● **INPUT DATA**
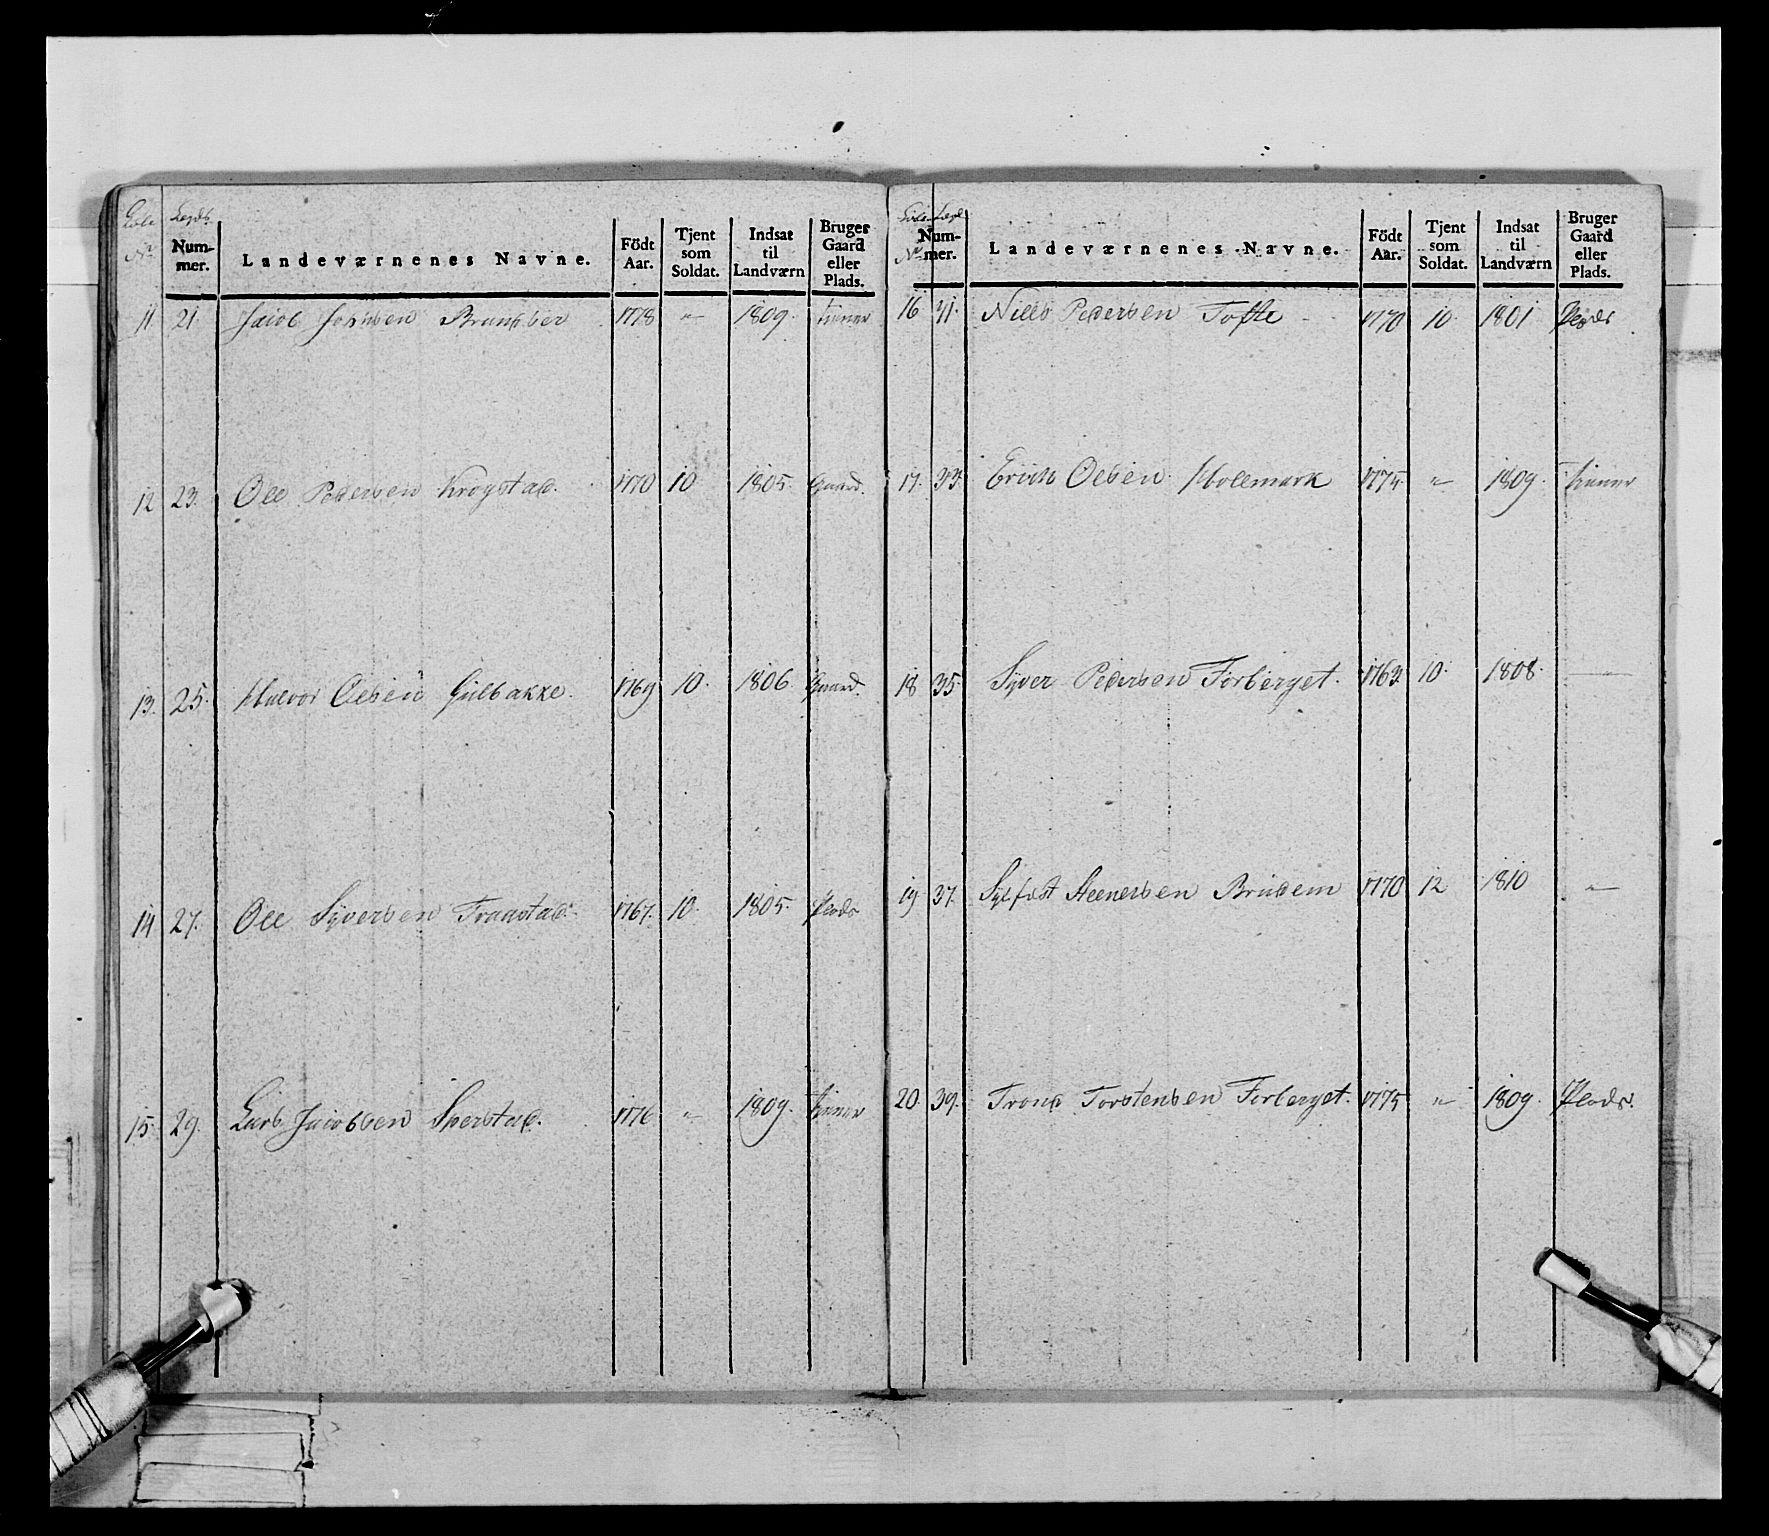 RA, Generalitets- og kommissariatskollegiet, Det kongelige norske kommissariatskollegium, E/Eh/L0069: Opplandske gevorbne infanteriregiment, 1810-1818, p. 647
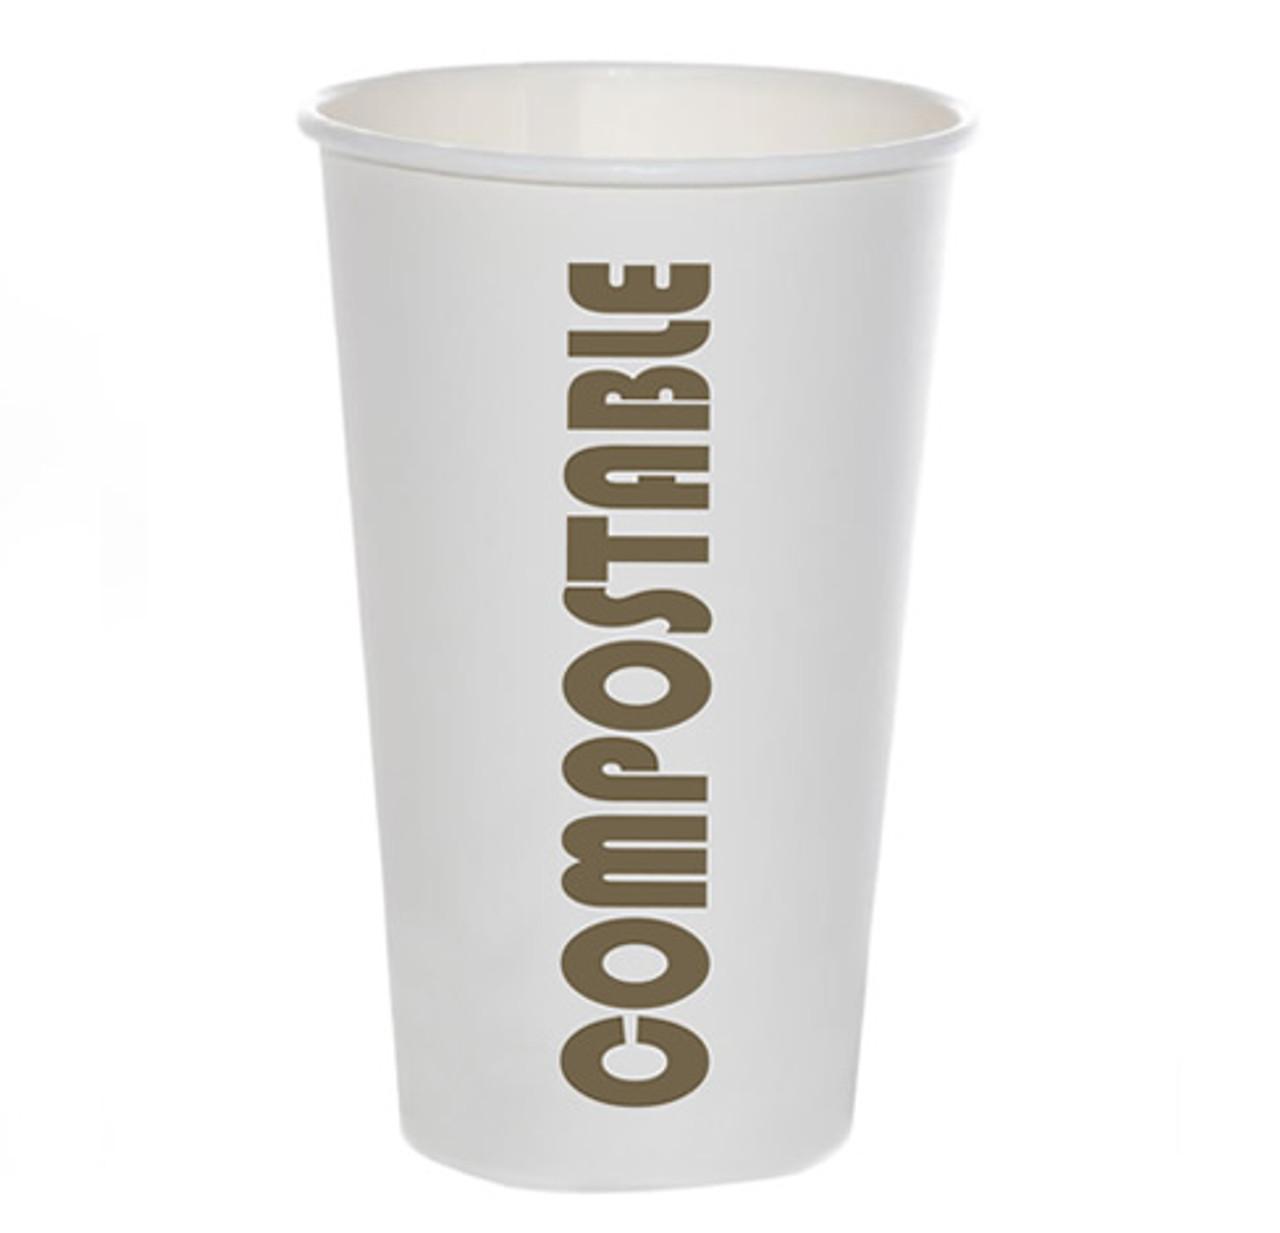 16oz Coffee Cup Compostable Print™ Series
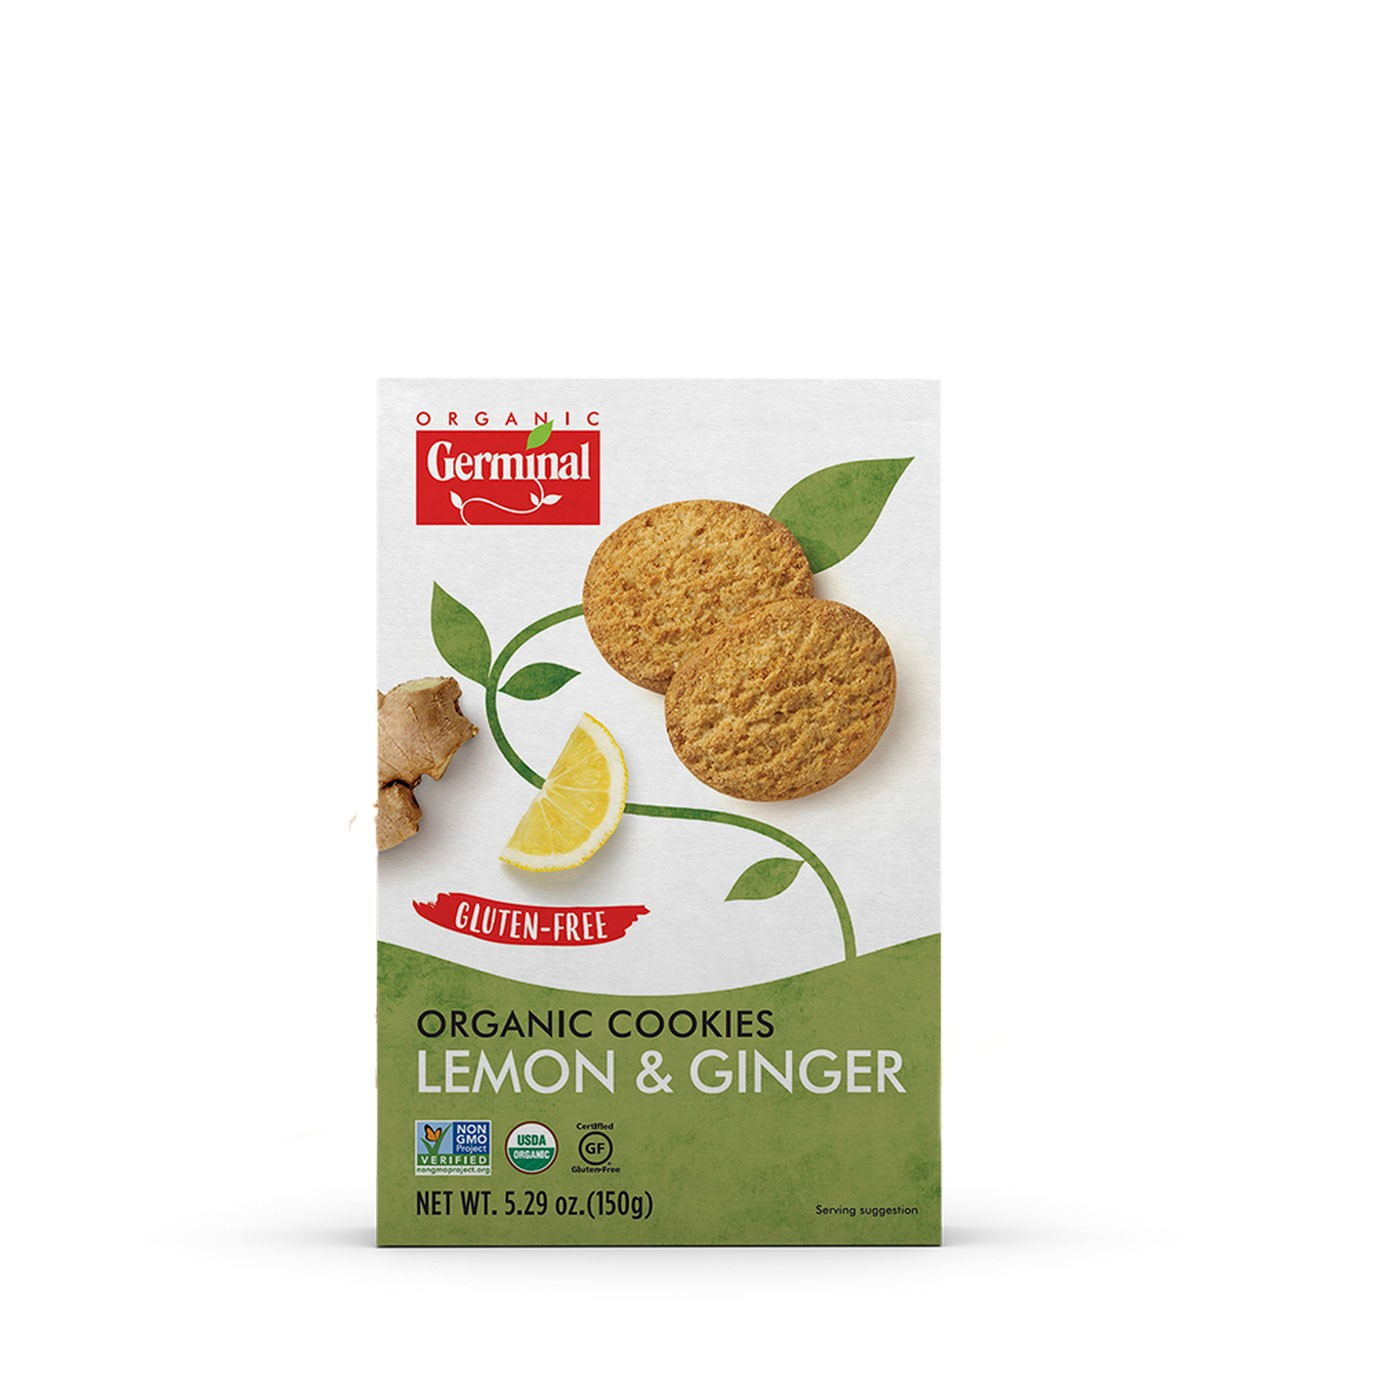 Lemon and Ginger Cookies 5 oz

● **TASK STATEMENT**
Retype the data above verbatim, minus images.

● **THE ANSWER**
 RA, Generalitets- og kommissariatskollegiet, Det kongelige norske kommissariatskollegium, E/Eh/L0069: Opplandske gevorbne infanteriregiment, 1810-1818, p. 647
 16oz Coffee Cup Compostable Print™ Series
 Lemon and Ginger Cookies 5 oz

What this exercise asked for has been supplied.